Литмир - Электронная Библиотека
A
A

Алесю пока везло.

Находишься, наглядишься, наслушаешься и понятного и непонятного — даже тоска возьмет за сердце, тоска горчайшего одиночества среди такого необыкновенного и странного, противоестественного скопления людей…

Куда лучше было меж тех, что загорали где-нибудь в самом глухом углу огромной лагерной территории, в высокой, невытоптанной траве, с такими же, как на воле, цветами.

Откроешь солнечной ласке худую, ушибленную прикладом грудь и, блаженно обалдев от зноя, слушаешь, как тягуче, надрывно поет в тебе свою унылую, неумолимую песню царь-голод.

Или под звонкий лепет настоящих жаворонков над настоящими колосьями за проволочной стеной ограды глядишь на легкие белые облачка и думаешь, как маленький, о том, что есть же все-таки в этом безумном мире уголок, где любят небось и тебя…

5

Пленным, которые работали в арбайтскомандах или ходили из шталага на работу в город, выплачивали по тринадцать лагермарок в месяц.
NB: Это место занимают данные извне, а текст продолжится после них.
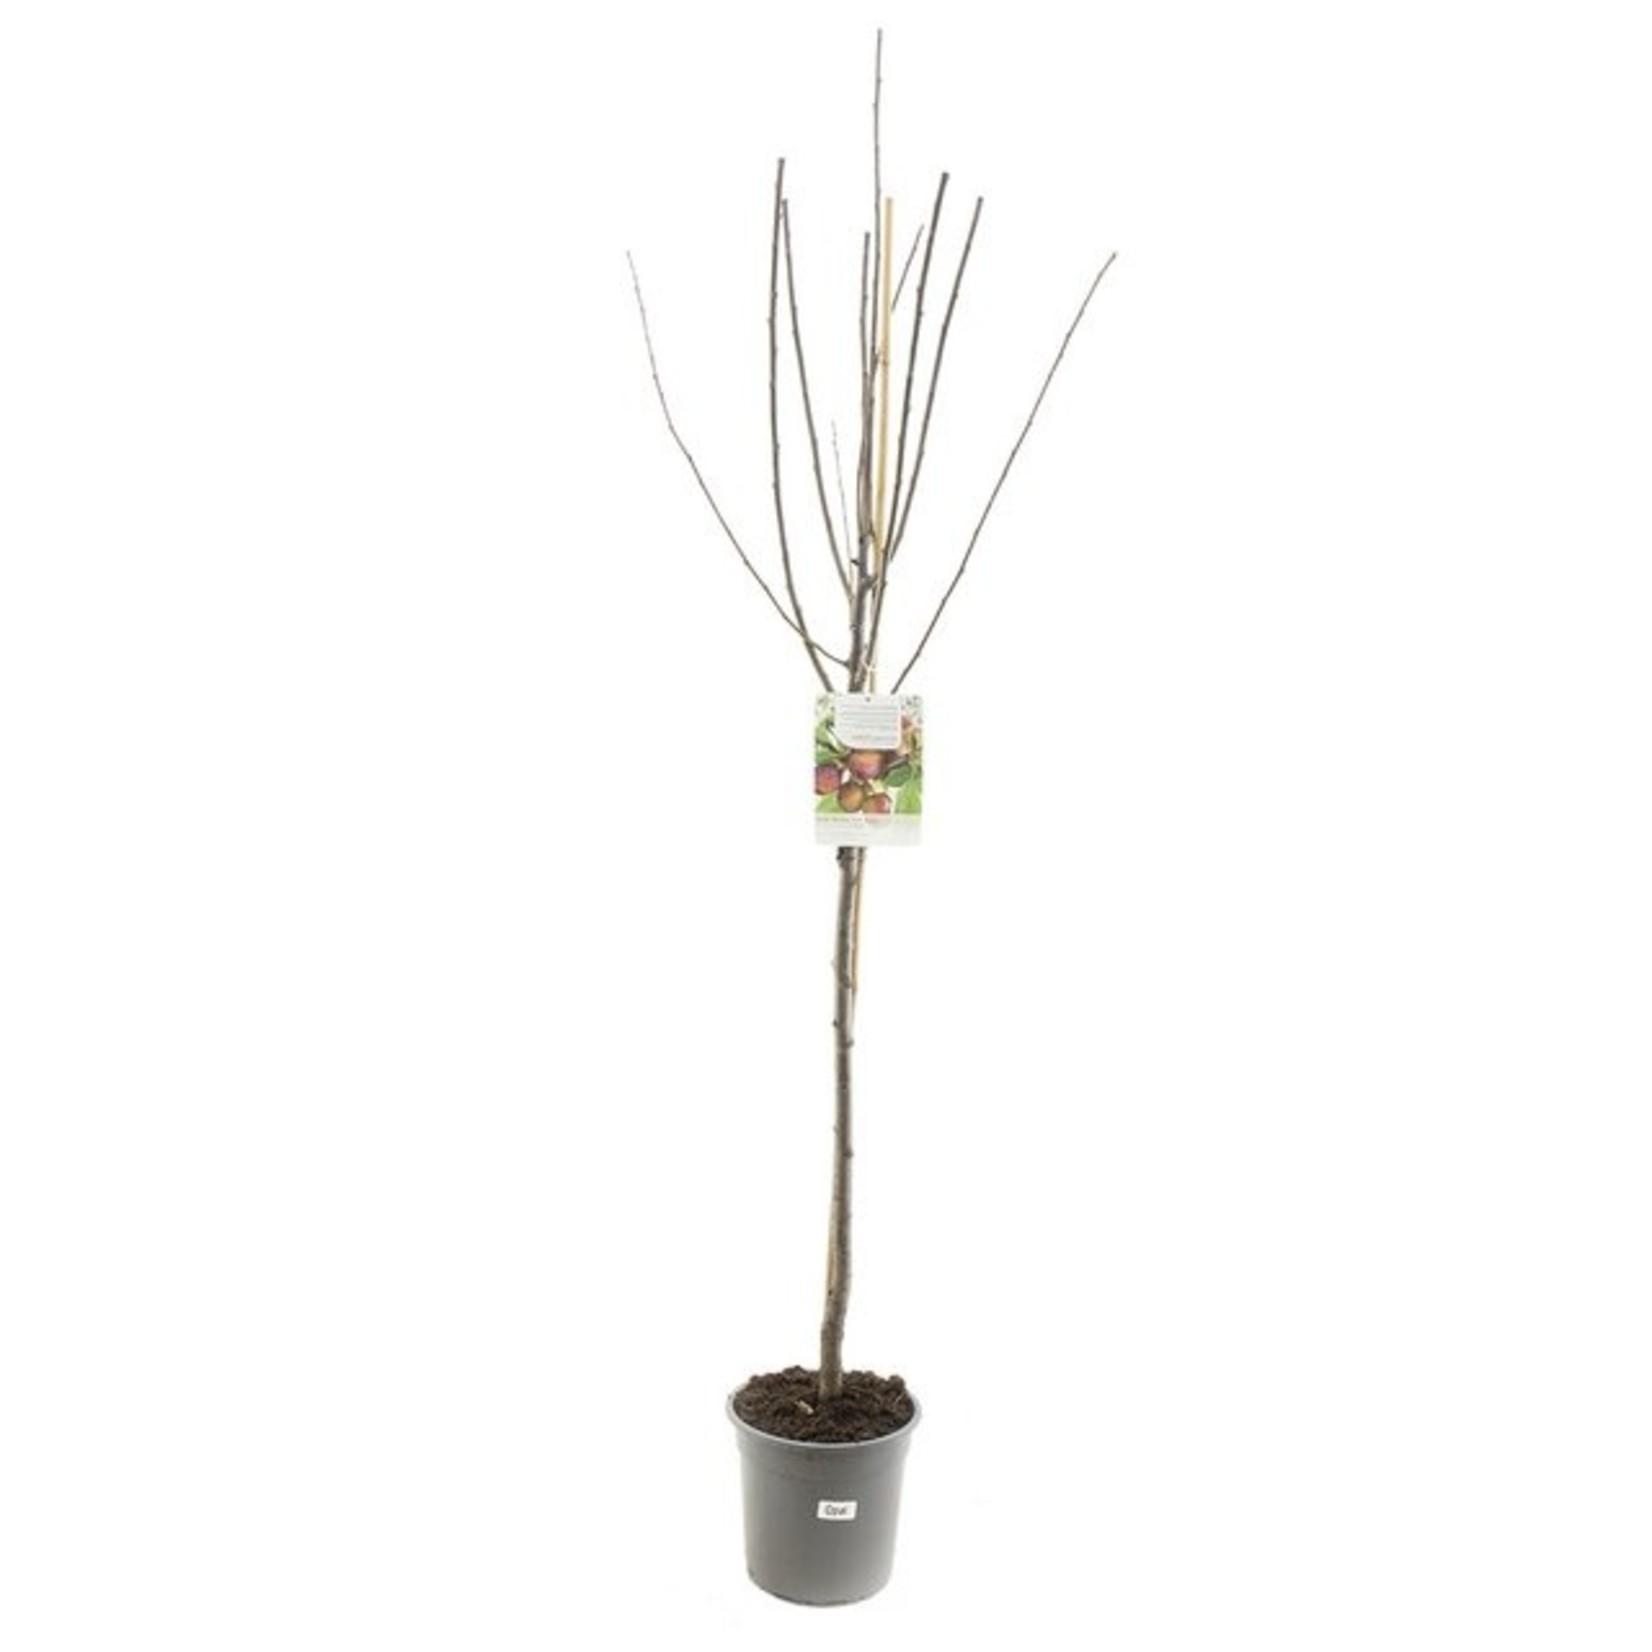 Hoogstam de Fruithof Prunus domestica 'Opal' (Pruim)

На эти боны, узкие белые бумажки с красным треугольником, можно было купить только то, что не подлежало карточной системе: бритву, кусочек постного мыла, пачку махры, похожей на ржаную сечку, чемодан, губную гармонику, а не то, скопив бон семьдесят, — и аккордеон.

Оркестр польского морского флота попал в плен почти в полном составе, но, разумеется, без инструментов. Одной командой ходил он в город на работу и к лету обзавелся аккордеонами.

Первый концерт, дозволенный лагеркомендатурой в праздничный день, легально считался всего лишь пробой сил.

А на деле, как шептались в польских бараках, он посвящен был героям Нарвика, той самой группе английских моряков, которая все еще держалась с немцами достойнее всех и пользовалась исключительным расположением ветеранов.

«Англия не проиграла еще ни одной войны, она еще себя покажет…»

Слышались, правда, и другие голоса. Один из пожилых поляков, лысый сержант, заявил однажды во время вечерней дискуссии, что «главный ключик, мне кажется, держит у себя в кармане все-таки только пан Сталин». Сержанту не возражали, однако и радости никто особенно не проявлял…

Пленных белорусов, которые радовались вызволению своих людей из-под ненавистного панского гнета и воссоединению родного края со страной, которую они всегда считали родиной, часть поляков ненавидела либо не могла понять и отчужденно молчала.

Были, конечно, среди польских товарищей по несчастью и такие, что понимали «кресовико́в»[5], завидовали им и платили за дружбу такой же сердечностью. Со всем этим приходилось встречаться в смешанных арбайтскомандах, то же испытывал Руневич, живя в польском блоке, — что от кого.

Большинству он был, однако, или безразличен или чужд.

Основная часть пленных поляков все еще считала Англию единственной, самой желанной надеждой на освобождение.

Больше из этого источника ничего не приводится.